* [What the task asks]
Print every line of the material below exactly as it stands, but omit the pictures.

* [Given information]

»»

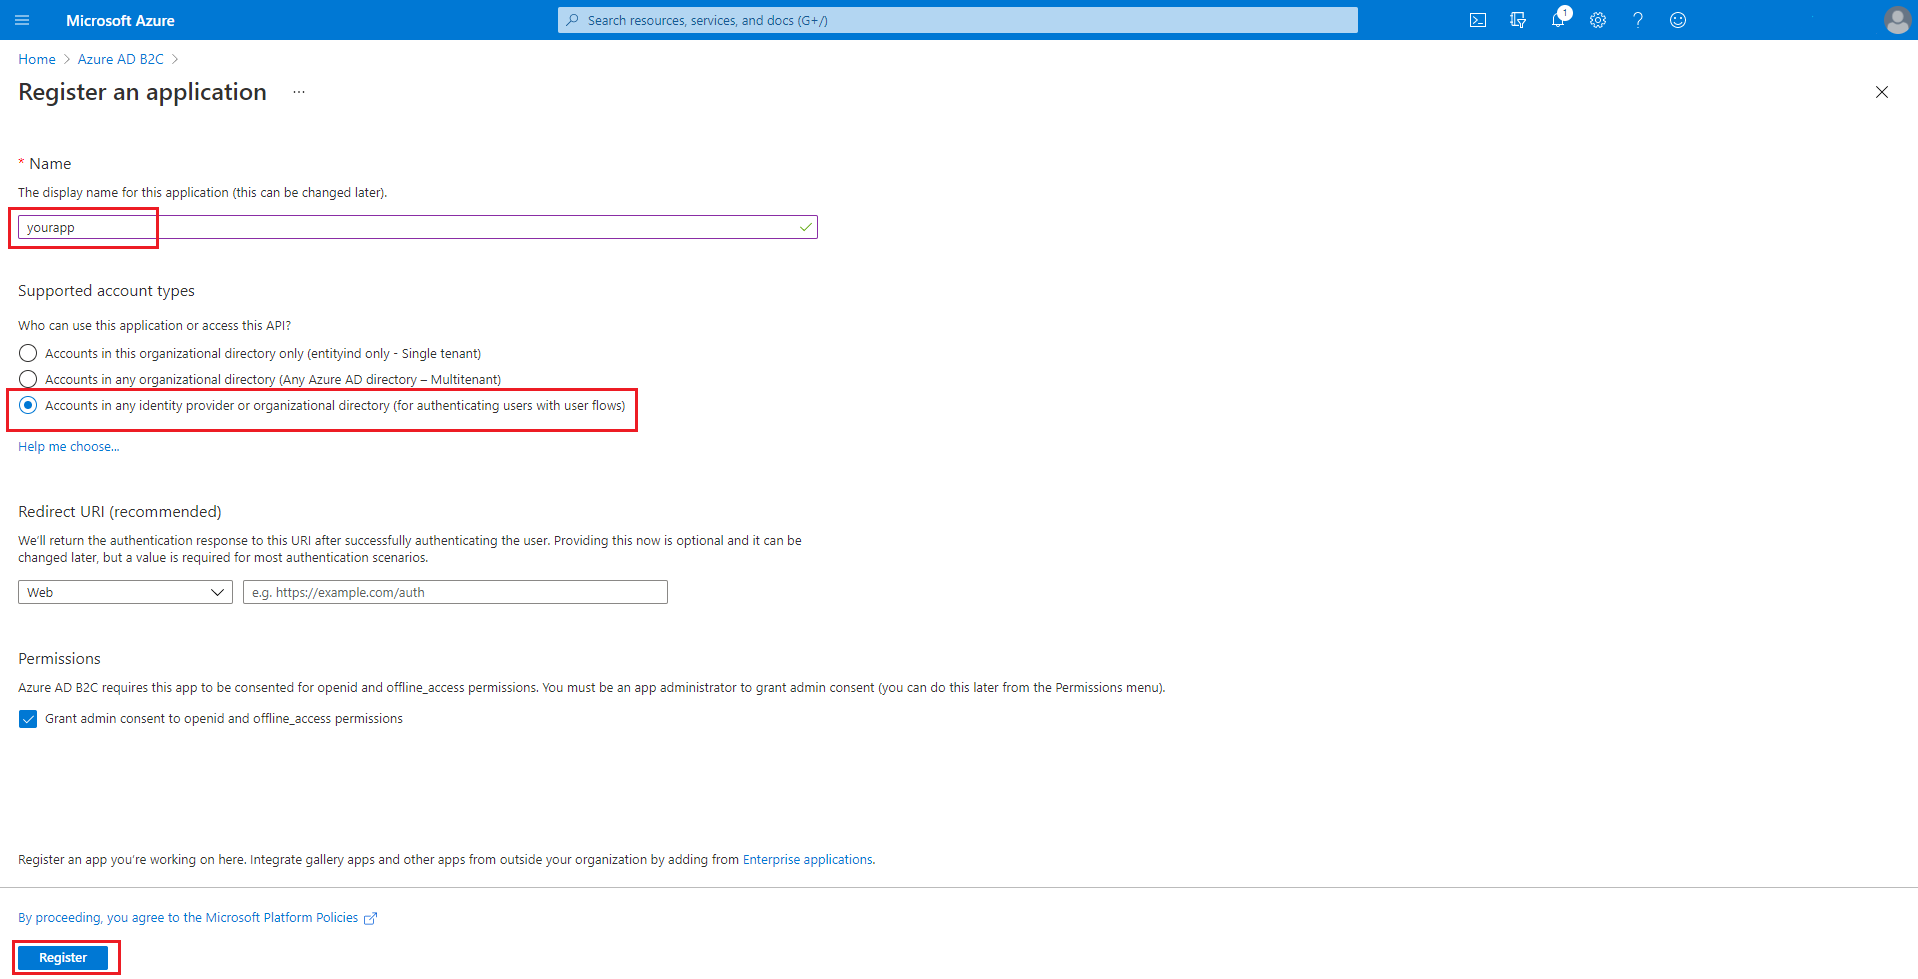 Formulario para registrar una aplicación de Azure AD B2C.
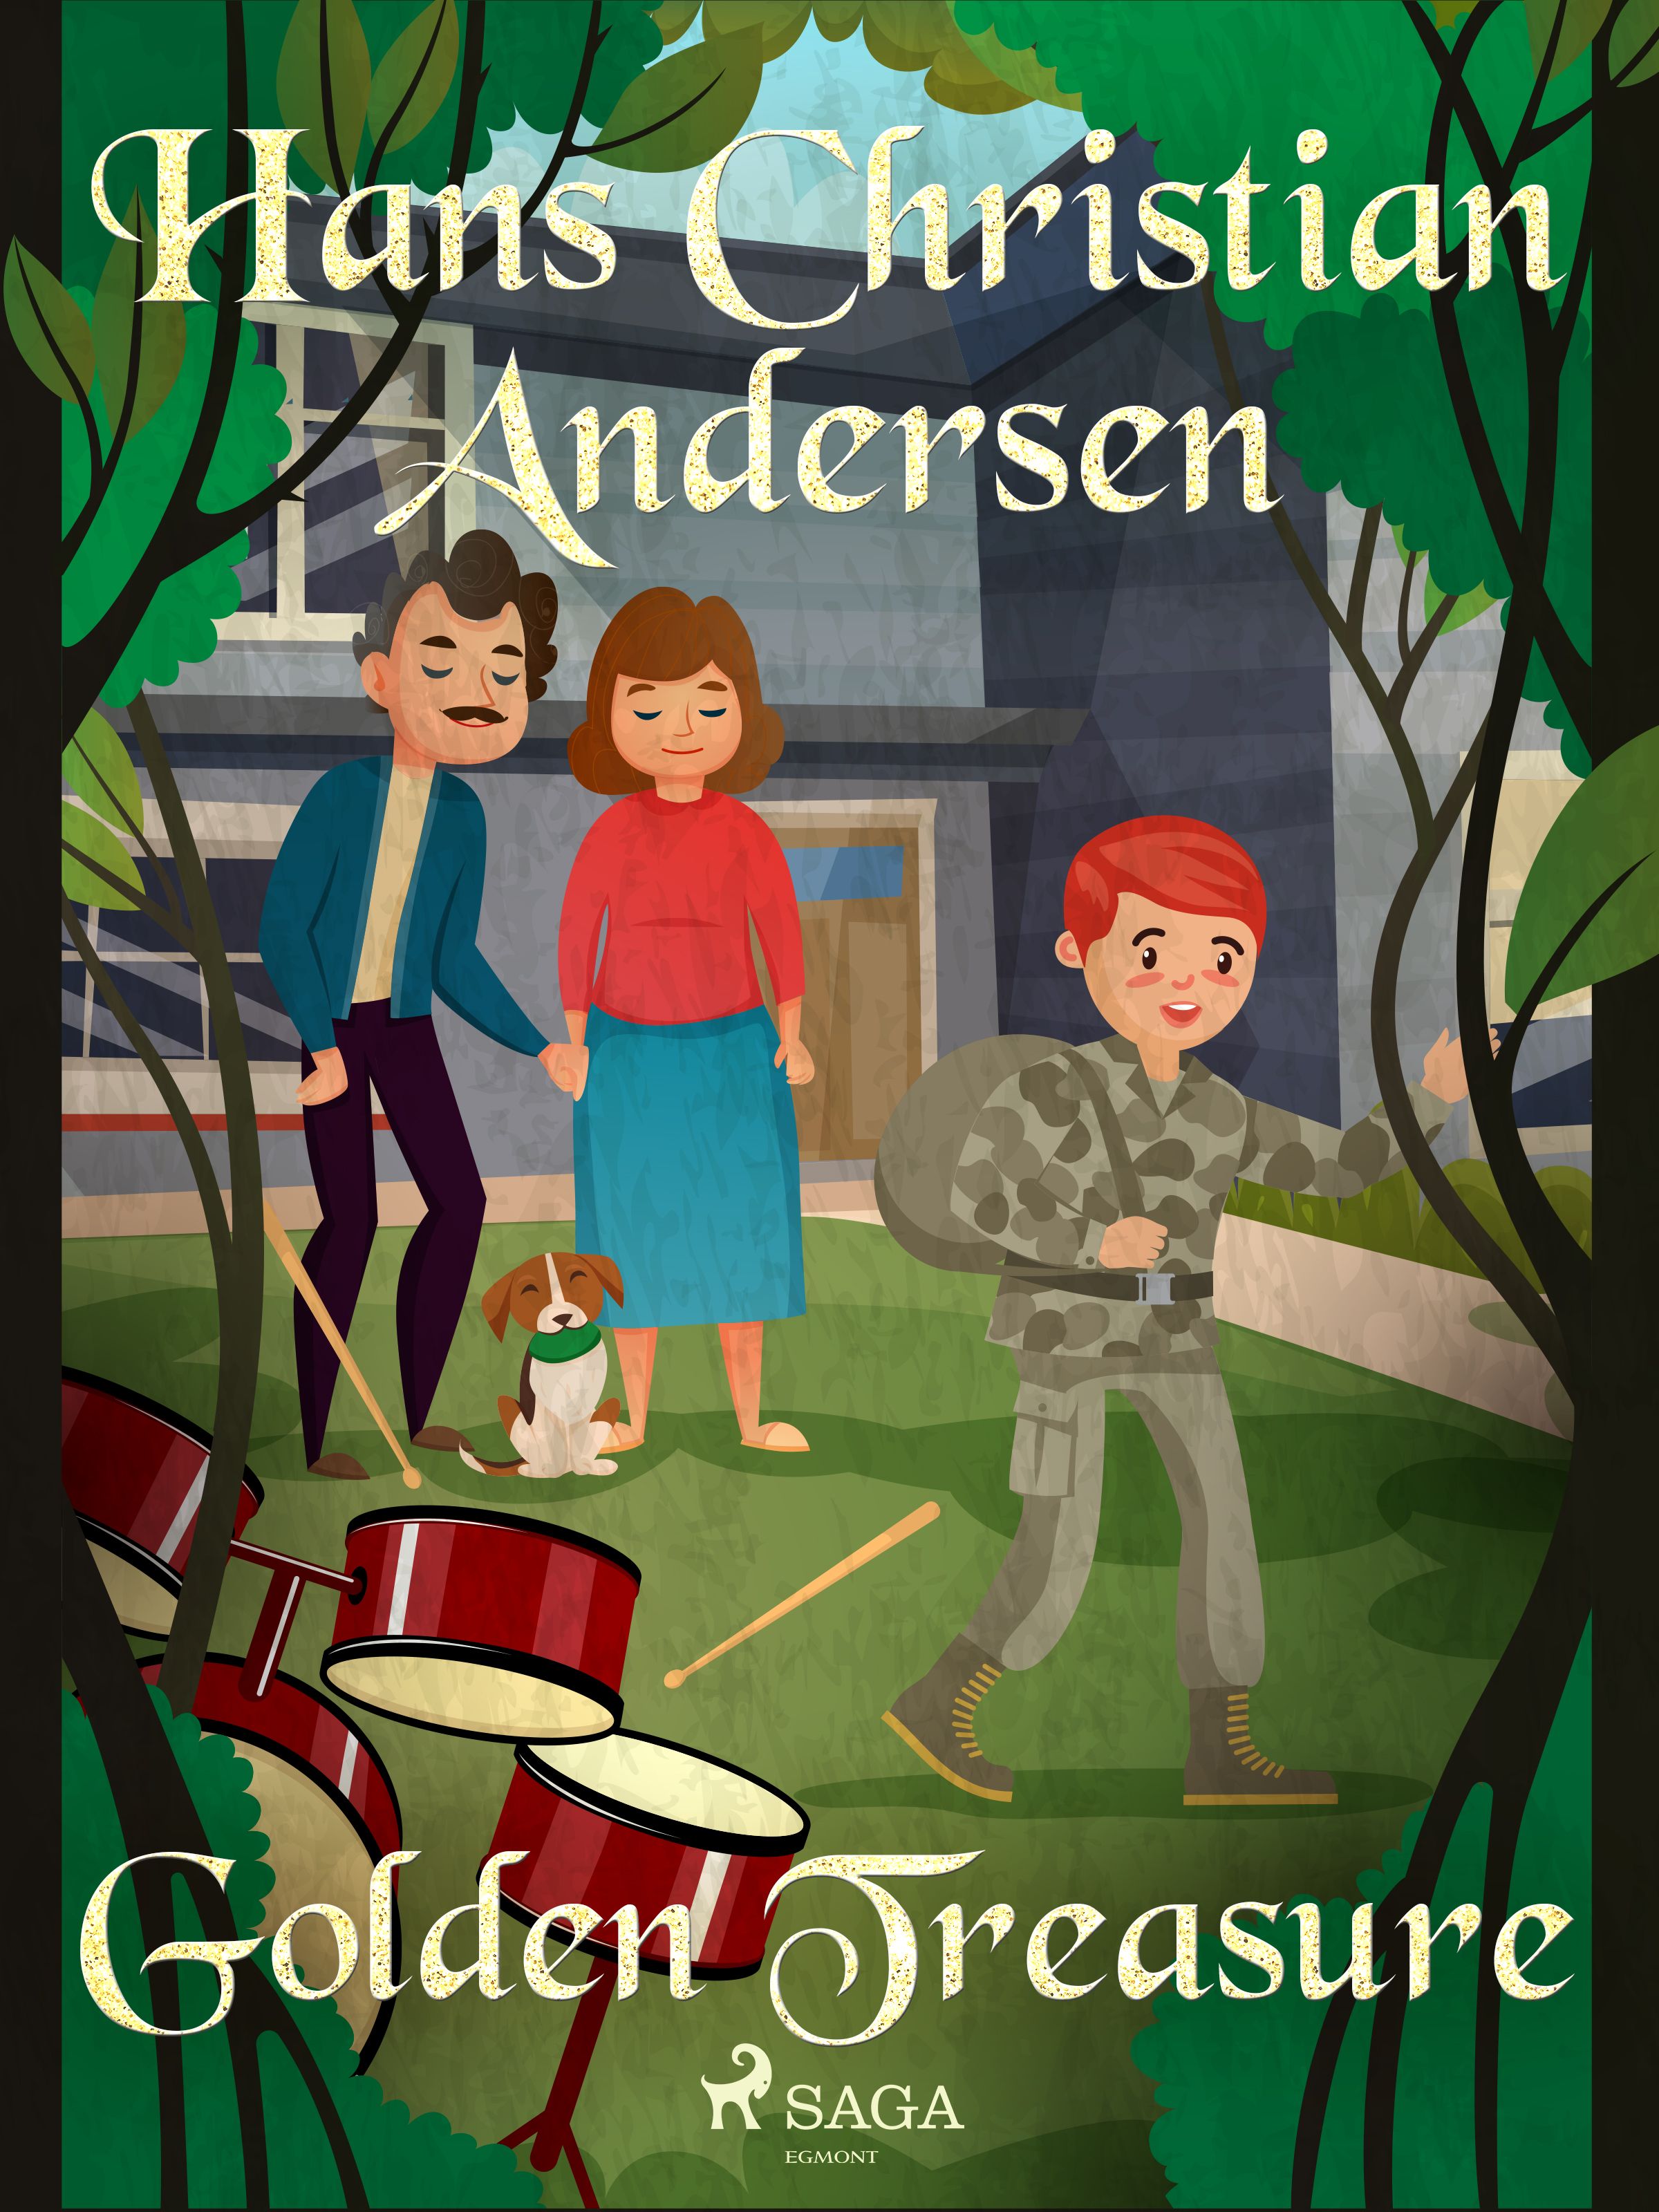 Golden Treasure, e-bok av Hans Christian Andersen
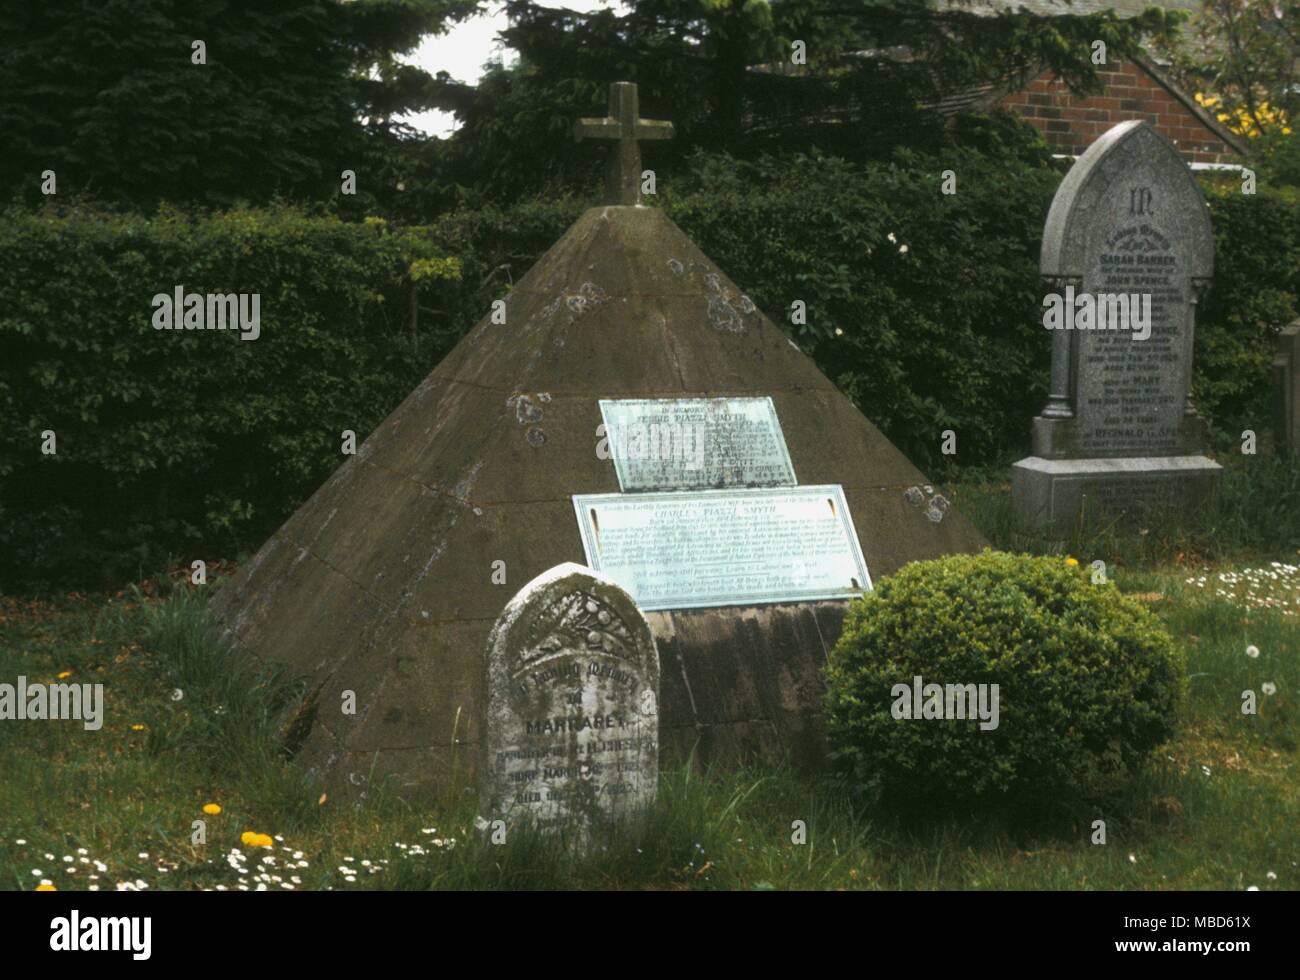 Cimitero simboli Sharow Tomba di Piazzi Smythe nel sagrato della chiesa qui è una tomba piramidale marcatore di Charles Piazzi Smyth, il noto astronomo reale di Scozia e fondatore di piramidalogia Foto Stock
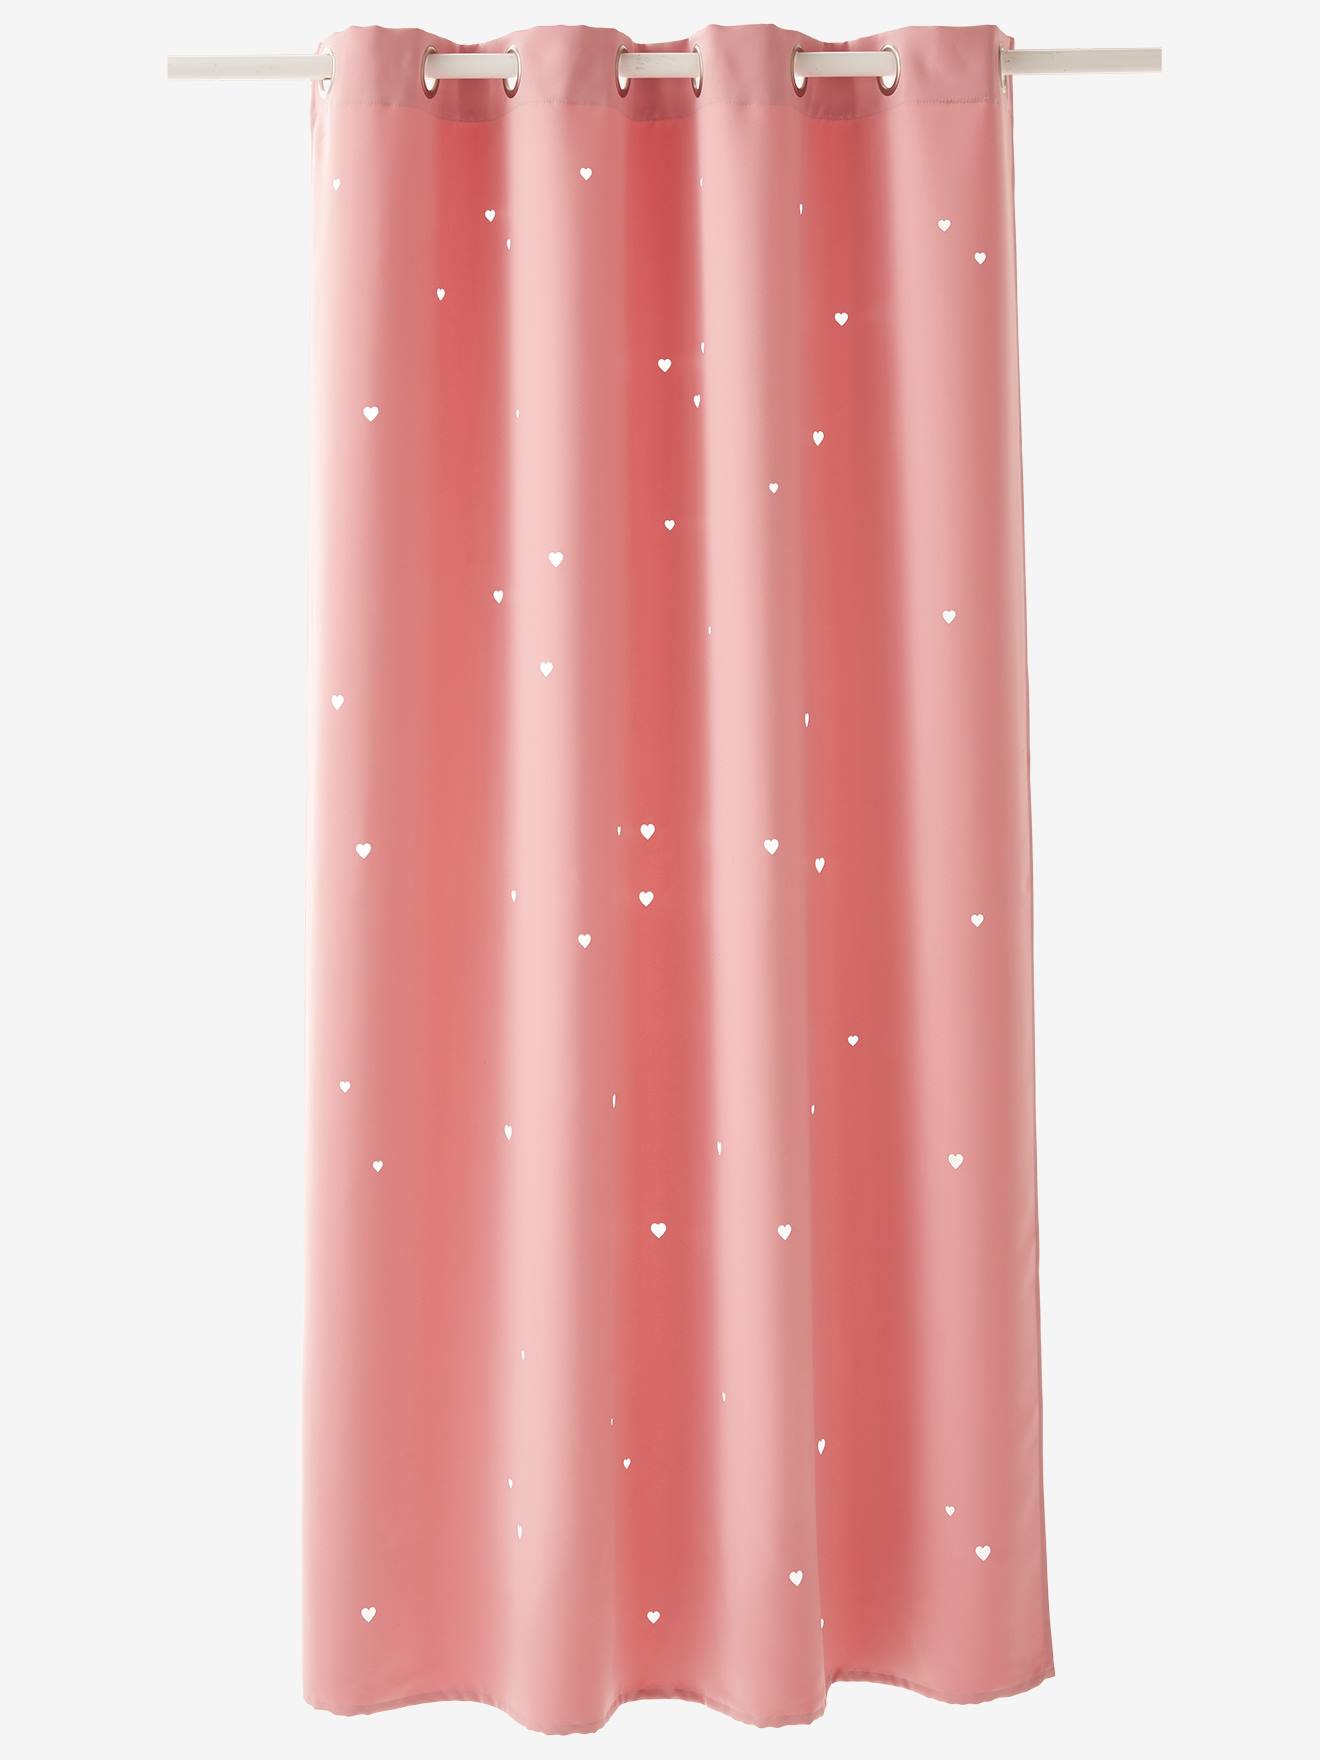 Verdunkelungsvorhang mit ausgestanzten Sternen Dekoration Bettwäsche - rosa/herzen,

««

* [Reply]
 Formulario para registrar una aplicación de Azure AD B2C.
 Golden Treasure, e-bok av Hans Christian Andersen
 Cimitero simboli Sharow Tomba di Piazzi Smythe nel sagrato della chiesa qui è una tomba piramidale marcatore di Charles Piazzi Smyth, il noto astronomo reale di Scozia e fondatore di piramidalogia Foto Stock
 Verdunkelungsvorhang mit ausgestanzten Sternen Dekoration Bettwäsche - rosa/herzen,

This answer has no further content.